The transfer of the 76.8% shareholding in Innogy’s distribution and retail business to Eon paves the way for a complex asset swap between Eon and RWE.
The European Commission had approved the acquisition by RWE of certain generation assets owned by Eon in February, including renewables, but investigated the retail side of the deal over concerns that it may reduce competition in several EU markets.
Following the investigation, the Commission concluded the deal would not result in significant loss of competition in Germany, nor would the two companies increasingly compete against each other in Slovakia as a result of the transaction.

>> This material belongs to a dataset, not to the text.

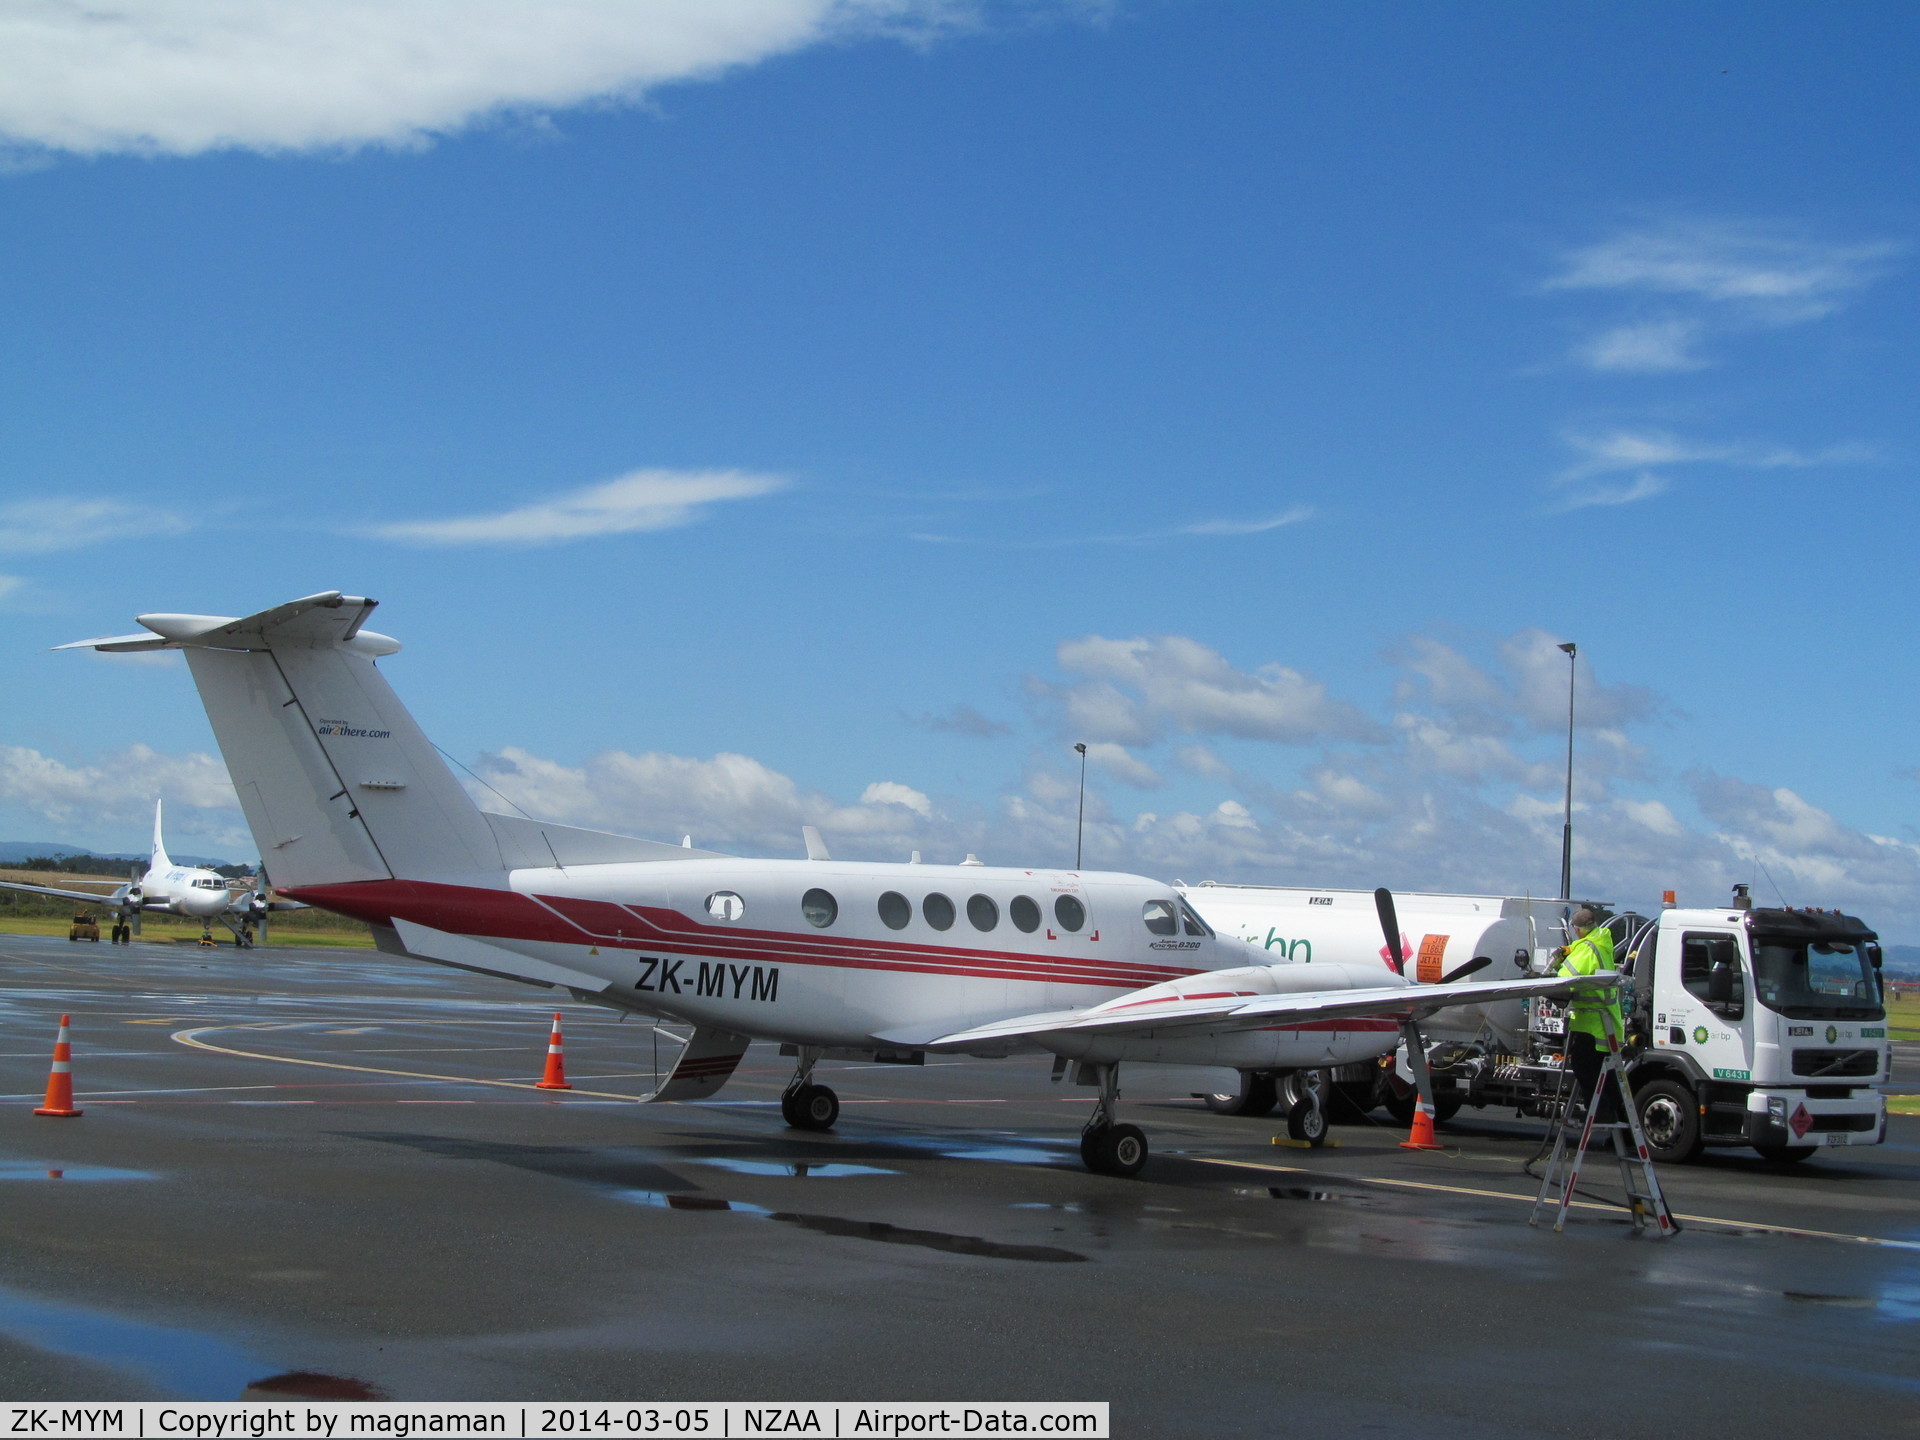 ZK-MYM, 1993 Beech B200 King Air C/N BB-1466, Seems to be a few beech type aircraft here in NZ. Nice lines.

In the next few days Eon will also close the voluntary public takeover offer to Innogy’s minority shareholders.
The minority shareholders who tendered their shares to Eon last year will receive the offer consideration.
By the end of the acceptance period on 25 July 2018, 9.4% of the shareholders had decided to sell their Innogy shares to Eon.
Together with the 3.8% of Innogy shares that Eon has since acquired on the stock exchange, the utility holds 90% of all Innogy shares, meeting requirements under the German Transformation Act for the takeover.
As announced at the beginning of September, Eon intends to acquire the shares of the remaining minority shareholders of Innogy by way of a merger ‘squeeze-out’ and become the only shareholder of Innogy.
Eon chief executive Johannes Teyssen said: “The completion of the takeover of Innogy is the decisive step in the realignment of our company.
“As a customer-focused innovation driver, we will soon be able to focus systematically on our core businesses – intelligent power distribution networks and customer solutions. This will benefit our customers in particular, with whom we want to shape the new energy world together.”